Tax Proposals Creating Doubts about Connecticut in Business Community
Measures halt the very activities that can regrow economy
Doubt can have a very powerful impact on behavior. For example, doubts about jobs and the economy have convinced many American consumers to put the brakes on spending—which has led to even more economic stress in the nation.
Tax proposals made by the legislature’s Finance Committee (SB-932 and others) have created doubt in Connecticut’s business leaders about the state as a good place in which to keep growing and creating jobs. Some employers are now questioning Connecticut’s long-term viability as a business location.
That’s because the proposals actually put up barriers to the very investments that are key to the state’s econmic recovery.
Tax credits for research and development and investments in physical and human capital are critically important in Connecticut, and SB-932 reduces these credits—just when some other states are expanding theirs.
The bill also eliminates important sales tax exemptions for the bioscience and fuel cell industries, as well as for manufacturers and IT firms. Over the last several years, targeted exemptions have helped fuel the impressive growth in these areas of Connecticut’s economy.
Employers are concerned not only because SB-932 will dramatically increase their cost of doing business, but also because it creates a great deal of uncertainty about Connecticut’s long-range tax policies.
Businesses regularly plan in 10-year cycles, and they look closely at several factors that help determine their return on investment and whether a location is a good place in which to do business. The predictability of the tax system is key: Can employers depend on a stable tax code that will enable them to plan for growth in the state and, over time, see a return on their investments and create the jobs that go with them?
SB-932 creates instability, and without a stable tax policy in sight, employers are becoming doubtful. No company, for example, is going to invest significant resources in a new research facility in the state if there is doubt about whether the R&D tax credits will be available or if there is concern about them being scaled back.

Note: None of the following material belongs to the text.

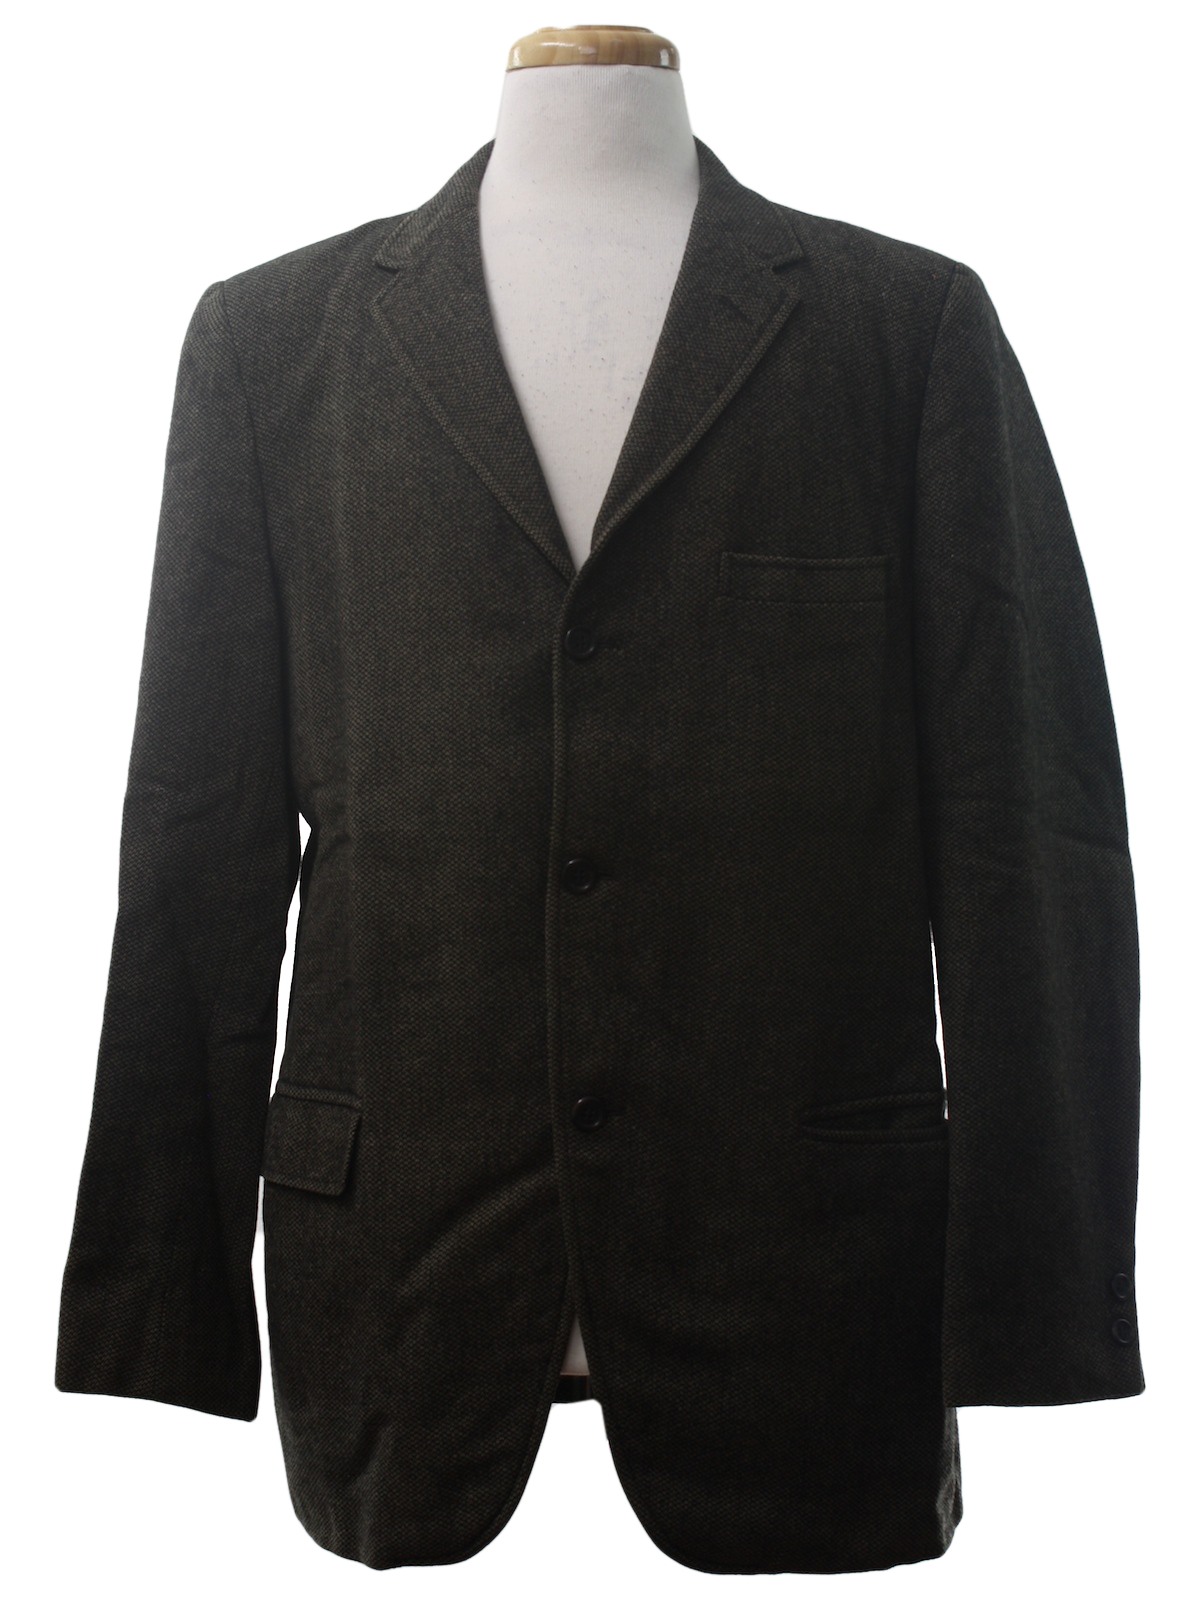 Retro 1960's Jacket (Varsity) : 60s -Varsity- Mens tan and black tight ...

As many employers have been telling state lawmakers in meetings at the Capitol, the mere fact that these proposals are on the table is detrimental. “You’re scaring off [business] investment,” said one Connecticut employer.
They’ve also been telling lawmakers that a stable, pro-growth tax policy has been instrumental in the state’s efforts to encourage businesses to locate, stay, invest, and create jobs here.
R & D tax credits, for example, have been crucial in the growth of Connecticut’s bioscience industry. According to Connecticut United for Research Excellence (CURE), Connecticut bioscience companies currently employ more than 18,000 people and spend more than $6 billion on operations annually in the state. That’s up from 15,000 people and less than $1.5 billion in 1999.
Similarly, the electronic data processing equipment tax credit bolstered Connecticut’s insurance industry in response to a significant loss of insurance jobs to other states during the 1990s.
CBIA and the business community will continue to urge lawmakers to address the state’s fiscal problems by making government more cost-effective rather than by increasing the tax burden on businesses and further harming the economy. They should work to preserve Connecticut as a business location employers—and employees—can count on.